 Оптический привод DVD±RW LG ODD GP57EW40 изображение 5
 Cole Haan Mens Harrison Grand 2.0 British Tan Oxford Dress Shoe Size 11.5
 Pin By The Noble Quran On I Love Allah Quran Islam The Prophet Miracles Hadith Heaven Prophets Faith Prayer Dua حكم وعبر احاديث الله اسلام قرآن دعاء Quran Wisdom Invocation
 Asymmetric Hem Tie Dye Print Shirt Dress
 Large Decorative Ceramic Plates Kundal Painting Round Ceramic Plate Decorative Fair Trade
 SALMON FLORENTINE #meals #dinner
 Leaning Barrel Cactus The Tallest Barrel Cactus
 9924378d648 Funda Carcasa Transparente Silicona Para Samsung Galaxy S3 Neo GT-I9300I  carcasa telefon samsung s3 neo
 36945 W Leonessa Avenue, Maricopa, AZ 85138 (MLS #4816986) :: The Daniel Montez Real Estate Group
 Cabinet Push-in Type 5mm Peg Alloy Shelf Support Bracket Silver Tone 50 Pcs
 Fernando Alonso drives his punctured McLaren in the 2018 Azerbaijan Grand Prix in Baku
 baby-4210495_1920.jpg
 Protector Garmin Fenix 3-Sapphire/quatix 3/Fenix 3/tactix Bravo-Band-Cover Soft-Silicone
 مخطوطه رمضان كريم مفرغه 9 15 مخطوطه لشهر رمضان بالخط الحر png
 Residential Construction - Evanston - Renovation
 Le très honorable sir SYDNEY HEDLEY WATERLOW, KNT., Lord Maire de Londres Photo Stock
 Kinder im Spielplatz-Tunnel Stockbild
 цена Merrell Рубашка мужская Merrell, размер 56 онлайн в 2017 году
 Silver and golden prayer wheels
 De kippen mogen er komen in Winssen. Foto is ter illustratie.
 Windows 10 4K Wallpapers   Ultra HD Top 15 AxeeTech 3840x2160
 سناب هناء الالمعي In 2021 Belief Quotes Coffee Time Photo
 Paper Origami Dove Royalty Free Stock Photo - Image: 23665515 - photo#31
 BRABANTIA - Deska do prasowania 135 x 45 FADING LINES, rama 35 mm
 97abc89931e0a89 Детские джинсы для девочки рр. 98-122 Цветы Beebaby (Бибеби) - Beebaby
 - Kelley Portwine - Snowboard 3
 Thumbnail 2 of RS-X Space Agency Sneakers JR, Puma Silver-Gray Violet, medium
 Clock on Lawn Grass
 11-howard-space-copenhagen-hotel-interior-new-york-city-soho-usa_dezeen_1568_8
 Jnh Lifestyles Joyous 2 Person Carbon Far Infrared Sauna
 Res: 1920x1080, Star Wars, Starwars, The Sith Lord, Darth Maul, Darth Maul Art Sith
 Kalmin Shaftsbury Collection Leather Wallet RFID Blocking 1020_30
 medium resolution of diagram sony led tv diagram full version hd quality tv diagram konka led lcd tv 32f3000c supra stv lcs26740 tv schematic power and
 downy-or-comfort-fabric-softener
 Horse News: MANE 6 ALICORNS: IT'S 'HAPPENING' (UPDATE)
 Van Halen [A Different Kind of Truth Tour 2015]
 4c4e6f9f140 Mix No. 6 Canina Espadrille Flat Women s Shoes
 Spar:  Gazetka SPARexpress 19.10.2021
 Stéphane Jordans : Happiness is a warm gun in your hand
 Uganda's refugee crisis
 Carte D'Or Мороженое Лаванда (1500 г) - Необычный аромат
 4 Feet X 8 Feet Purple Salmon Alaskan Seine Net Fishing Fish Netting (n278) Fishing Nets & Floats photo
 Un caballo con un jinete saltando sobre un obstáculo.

> [Task description] Could you return, word for word, only the lines running from the first line of the material above to the line that contains "Asymmetric Hem Tie Dye Print Shirt Dress", inclusive?

> [Finished task]
 Оптический привод DVD±RW LG ODD GP57EW40 изображение 5
 Cole Haan Mens Harrison Grand 2.0 British Tan Oxford Dress Shoe Size 11.5
 Pin By The Noble Quran On I Love Allah Quran Islam The Prophet Miracles Hadith Heaven Prophets Faith Prayer Dua حكم وعبر احاديث الله اسلام قرآن دعاء Quran Wisdom Invocation
 Asymmetric Hem Tie Dye Print Shirt Dress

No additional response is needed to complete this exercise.